Research Papers

Application of the Modal Approach for Prediction of Forced Response Amplitudes for Fan Blades

[+] Author and Article Information
Franziska Eichner

Institute for Aeroelasticity DLR,
German Aerospace Center,
Bunsenstr. 10,
Göttingen 37073, Germany
e-mail: Franziska.Eichner@dlr.de

Joachim Belz

Institute for Aeroelasticity DLR,
German Aerospace Center,
Bunsenstr. 10,
Göttingen 37073, Germany
e-mail: Joachim.Belz@dlr.de

1Corresponding author.

Manuscript received June 26, 2018; final manuscript received August 21, 2018; published online October 16, 2018. Editor: Jerzy T. Sawicki.

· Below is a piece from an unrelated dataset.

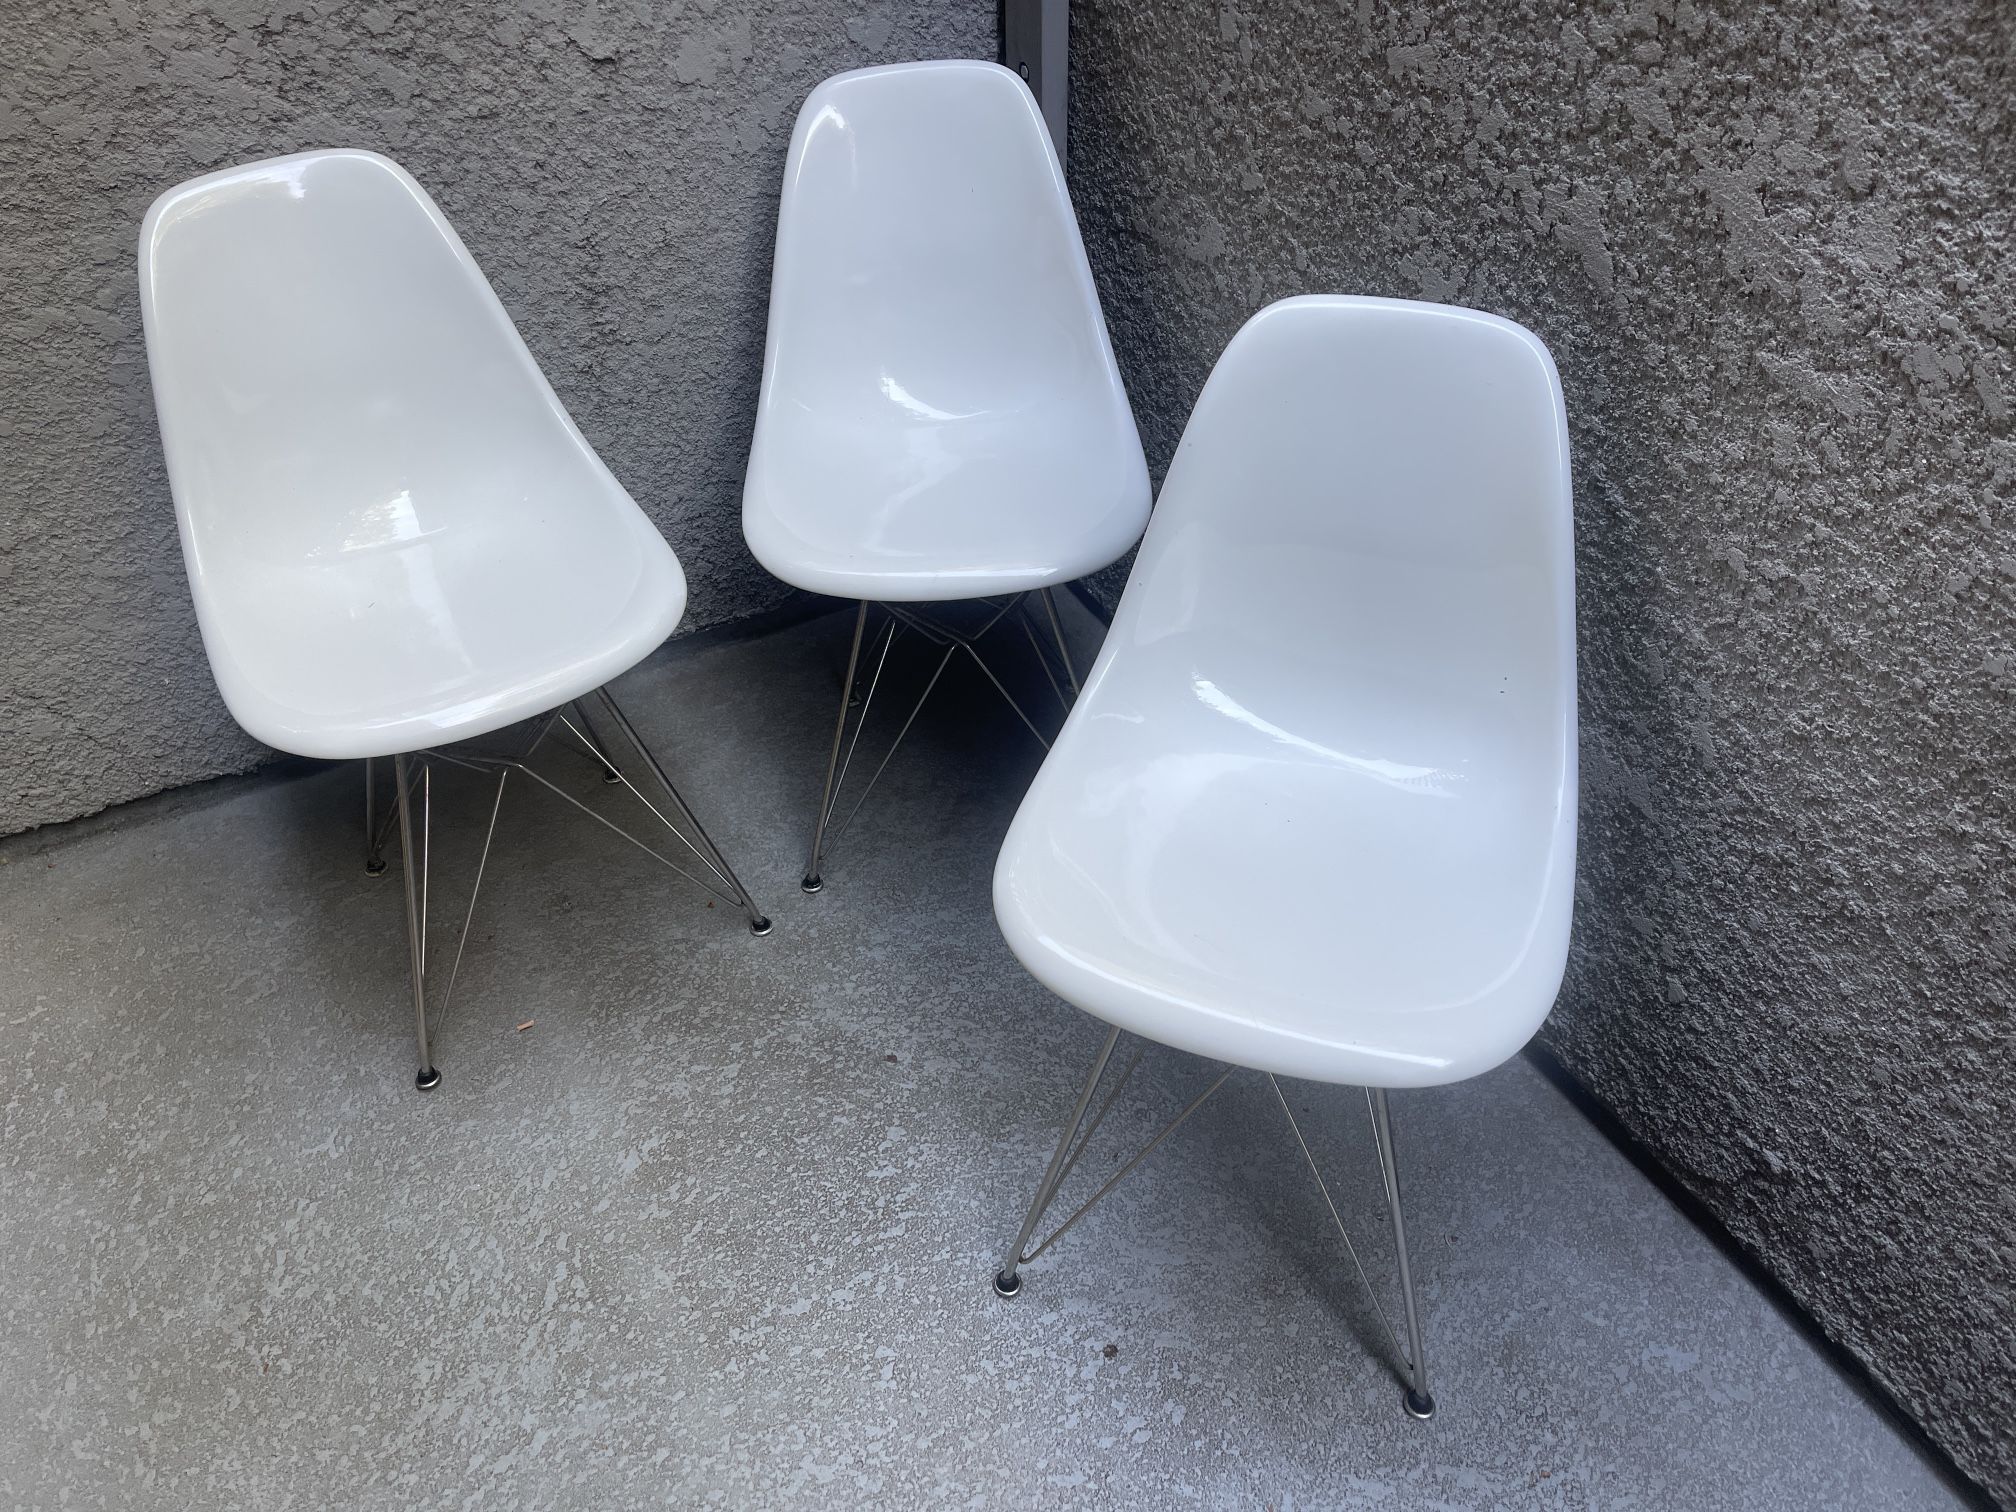 Nice Patio Chairs. Im Moving. All 3 For $75

J. Eng. Gas Turbines Power 141(3), 031019 (Oct 16, 2018) (8 pages) Paper No: GTP-18-1360; doi: 10.1115/1.4041453 History: Received June 26, 2018; Revised August 21, 2018

Forced response is the main reason for high cycle fatigue in turbomachinery. Not all resonance points in the operating range can be avoided especially for low order excitation. For highly flexible carbon fiber reinforced polymer (CFRP) fans, an accurate calculation of vibration amplitudes is required. Forced response analyses were performed for blade row interaction and boundary layer ingestion (BLI). The resonance points considered were identified in the Campbell diagram. Forced response amplitudes were calculated using a modal approach and the results are compared to the widely used energy method. For the unsteady simulations, a time-based linearization of the unsteady Reynolds average Navier–Stokes equations were applied. If only the resonant mode was considered, the forced response amplitude from the modal approach was confirmed with the energy method. Thereby, forced response due to BLI showed higher vibration amplitudes than for blade row interaction. The impact of modes which are not in resonant to the total deformation were investigated by using the modal approach, which so far only considers one excitation order. A doubling of vibrational amplitude was shown in the case of blade row interaction for higher rotational speeds. The first and third modeshapes as well as modes with similar natural frequencies were identified as critical cases. The behavior in the vicinity of resonance shows high vibration amplitudes over a larger frequency range. This is also valid for high modes with many nodal diameters, which have a greater risk of critical strain.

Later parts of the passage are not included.